Jag scrambles up the same way, but when he gets to the windowsill he pulls out a little hammer from his tool belt of useful things and smashes the sharp glass out of the way before he climbs over.

‘Remember! Canned food!’ Ma yells, like she thinks someone might’ve left stacks of canned food somewhere.

‘Come on,’ I say to Jag and tiptoe through the glass and across the room. Things are damp, green with mould, drowned by storm waves, ain’t nothing here for us. I lead him to the stairs and up and up, flight after flight.

‘This one?’ Jag asks, kicking at a half-falling-down door.

‘Nup, someone’s been here already. We’re going to the top,’ I say.

‘What? Nah, Neo, it’s too far!’

I laugh. ‘That’s what everyone else already been here said!’ I keep on climbing. I climb till my thighs ache, concrete step after concrete step, this part of the building only ever meant for emergencies back when they had something called lifts to pull people up and down. I climb till Jag is way behind and yelling at me. Then I see writing that ain’t jus’ numbers on the wall, promising me something more than jus’ somewhere where people used to live. This isn’t the top but it will do.

‘Here!’ I yell down to Jag, who comes grouching up the stairs, his tool belt clanging as it swings from side to side with every slow step. Each step he takes with his hands pushing down on his knees, like his thigh muscles gave up a few floors ago.

I hold the door open for him, and he grumbles through and holds on to a wall with barely any mould on it.

‘Why?’ he whines.

‘Coz this is my lucky floor,’ I tell him.

There’s no numbered doors here, jus’ glass doors either side of the hall. I run to the nearest and push them. They don’t move. ‘Jag! It’s locked! We’re the first!’

‘Really?’ Jag asks. He runs over like his legs don’t hurt no more and says, ‘Stand back!’

I don’t, coz I’m here to do stuff, not stand back.

He pulls a little thing with a red handle from a pouch on his belt, and then his hammer. Then he slides himself back along the wall so jus’ his arms is sticking out over the glass. ‘Get back!’ he says again.

I take two steps back.

He uncovers a super sharp point on the red thing, lines it up on the glass, and pounds it hard with his hammer.

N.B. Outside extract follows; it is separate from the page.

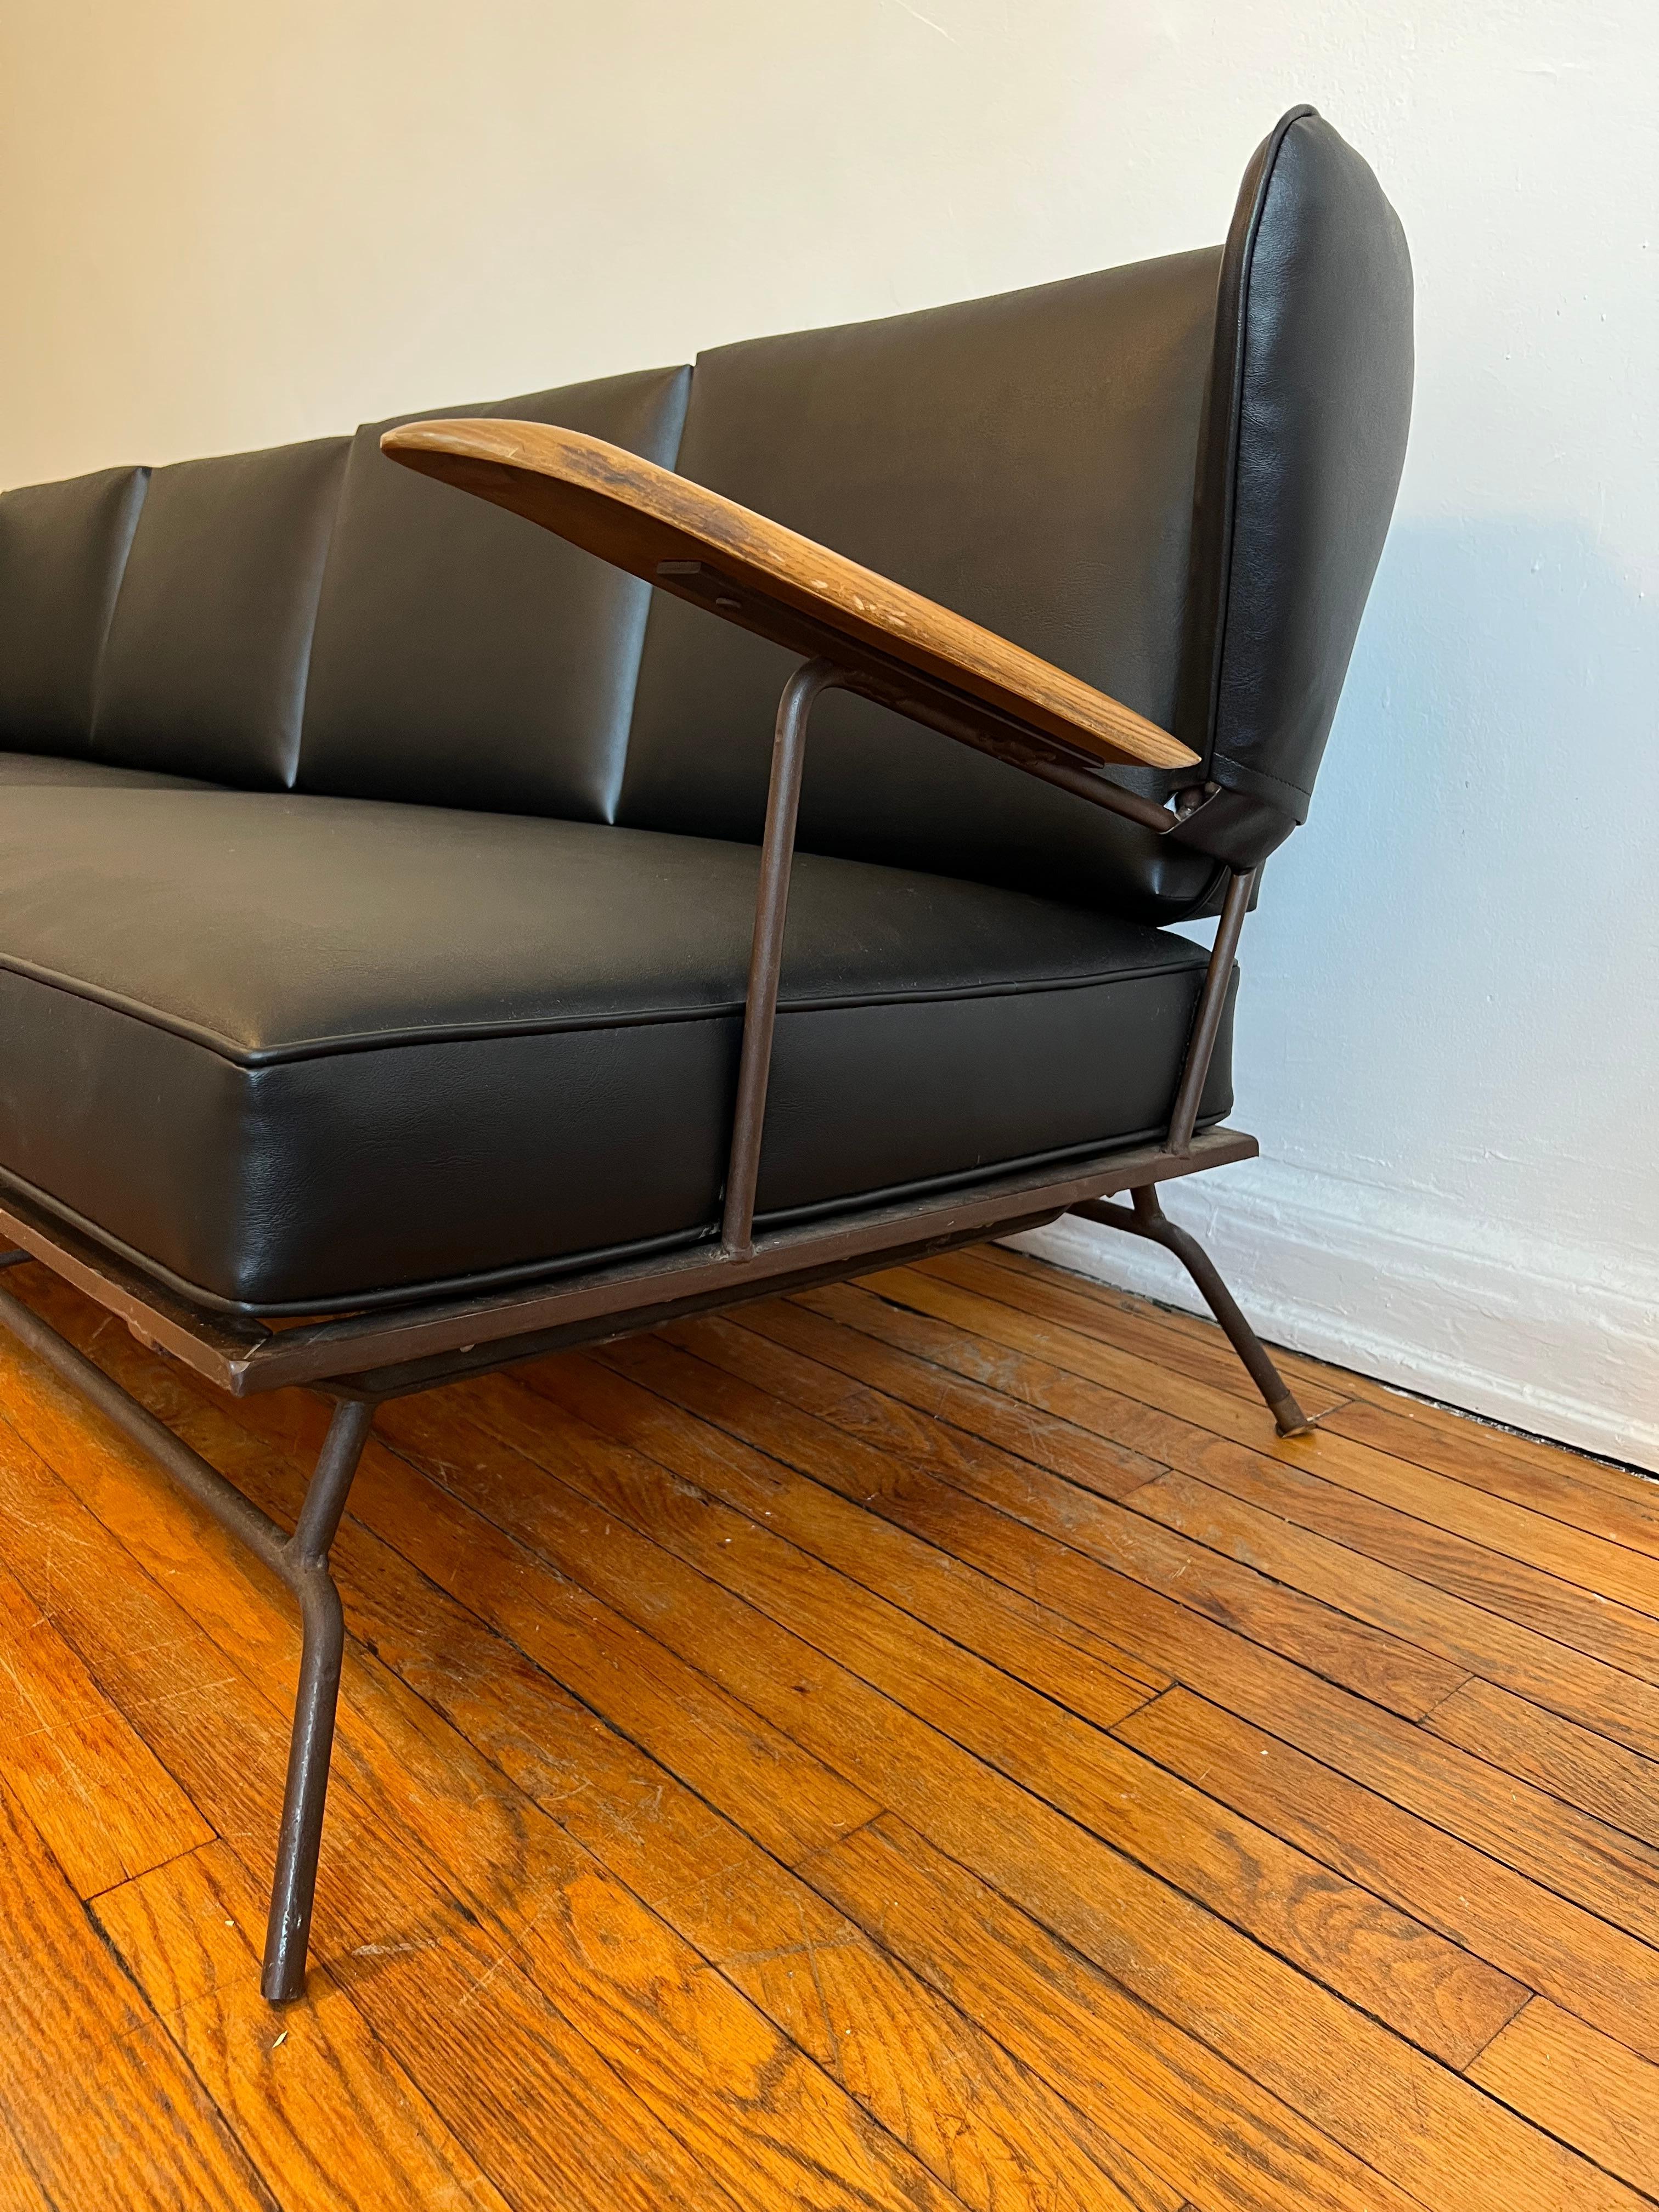 Sehr seltenes Sofa des Schmieds, Möbeldesigners und -herstellers Max Stout aus North Carolina.

Wingback-Sofa mit Armlehnen aus Holz, patiniertem Metall und schwarzem Naugahyde-Bezug. Unsere Galerie hat das Glück, das gleiche Sofa in Orange (auf der

There’s a huge bang like an explosion and then Jag is pulling his arms in, squeezing his eyes shut and turning away from the door as it clouds and explodes into glass chunks that throw themselves onto the floor in a tumbling mound and slide outwards, striking my bare feet and sending me hopping a few more steps back, landing on the glass-chunks and hurting my feet more.

‘I tol’ ya!’ he says, then throws his sack down on the crumbled glass in the doorway. ‘After you!’ he says.

The sack does hardly anything to make the glass not stab into the soles of my feet, shooting jolts up my legs, curling my toes, but they ain’t sharp enough to cut the skin. I lay my sack down too, and Jag follows after.

Then I grab up my sack, pick my way through the scattered chunks and run. It’s a room full of chairs and tables and amazing paintings on the walls and one side is all grimy sea-streaked glass. Ma tol’ me that in the times before the risen sea, people would come to places like this and sit down and people would jus’ bring them food. I can’t believe people used to live like this. Imagine food brought right to you while you sit on your bum like a newborn bub!